There was hope & a buzz, Cool Britannia etc. We don’t have that now, talking to young people.

FryingPanWithJam · 31/08/2024 09:07

Isn’t this a lot to do with your life stage?

I was a young girl in the 00s and the stick thin look and body image issues were still present from the 90s. I think young people of today are quicker to call out bullshit and have a healthier mindset of ‘that’s just not maintainable or realistic’

Of course, people still have issues today with body image. But the media and society in general is much more realistic in comparison to then surely?

Metaltoaster · 31/08/2024 09:15

FryingPanWithJam · 31/08/2024 09:07

Isn’t this a lot to do with your life stage?

I was a young girl in the 00s and the stick thin look and body image issues were still present from the 90s. I think young people of today are quicker to call out bullshit and have a healthier mindset of ‘that’s just not maintainable or realistic’

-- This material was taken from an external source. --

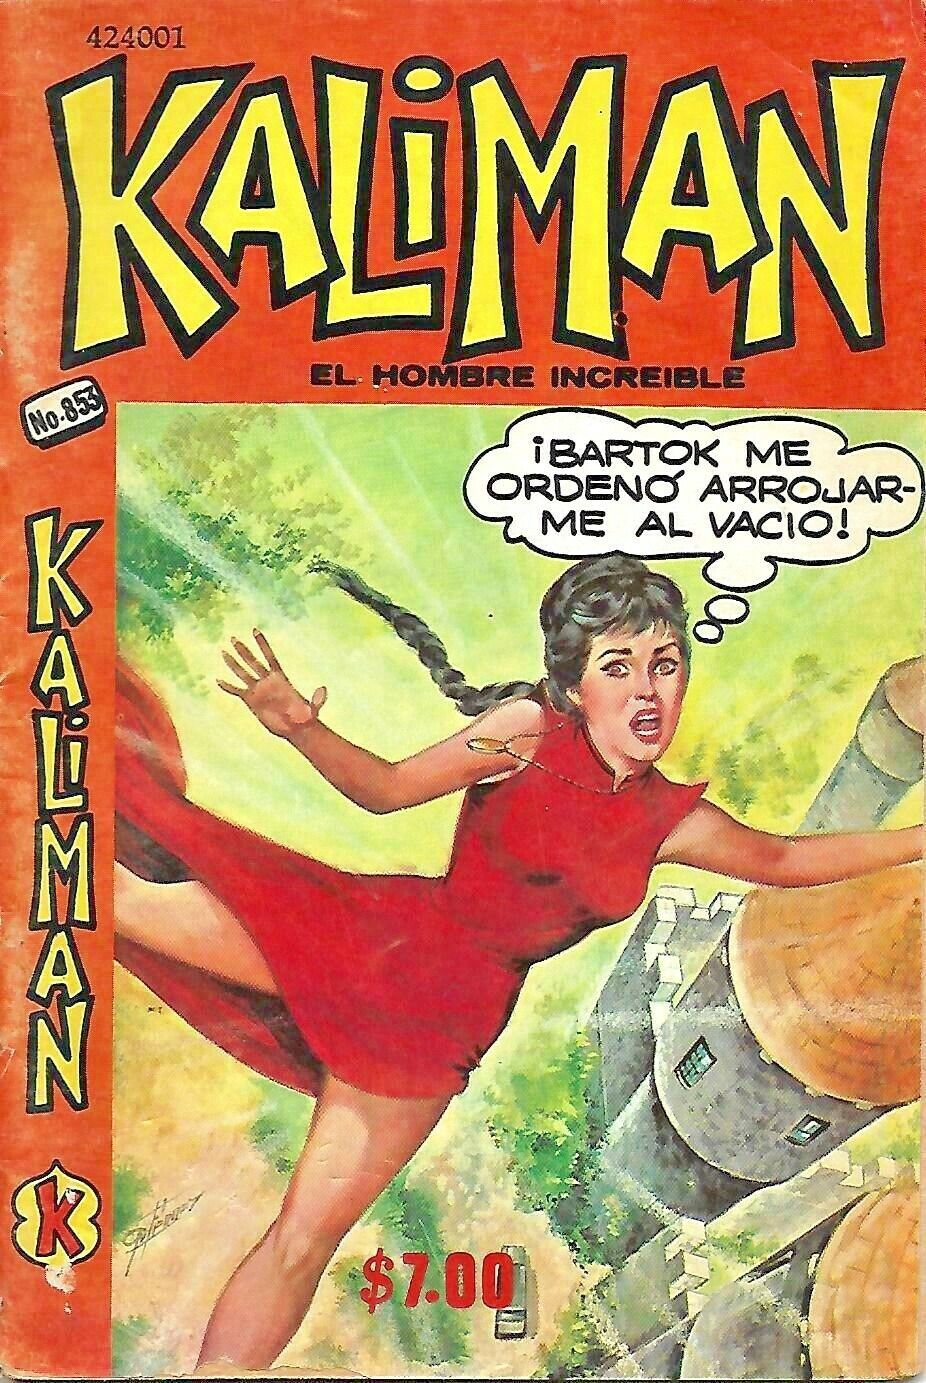 Kaliman El Hombre Increible #853 - Abril 2, 1982 - Mexico

Of course, people still have issues today with body image. But the media and society in general is much more realistic in comparison to then surely?

I sort of agree with this but I feel now people have that choice to be ‘real’ in rl but then put filters on everything online and change how they look to fit in with ideals whereas in the 90s the pressure was there and the technology to only do it virtually wasn’t. So rather than alter photos people were starving themselves etc

Nuggetnuggety · 31/08/2024 09:15

@RootToVictory Thanks for sharing, great article.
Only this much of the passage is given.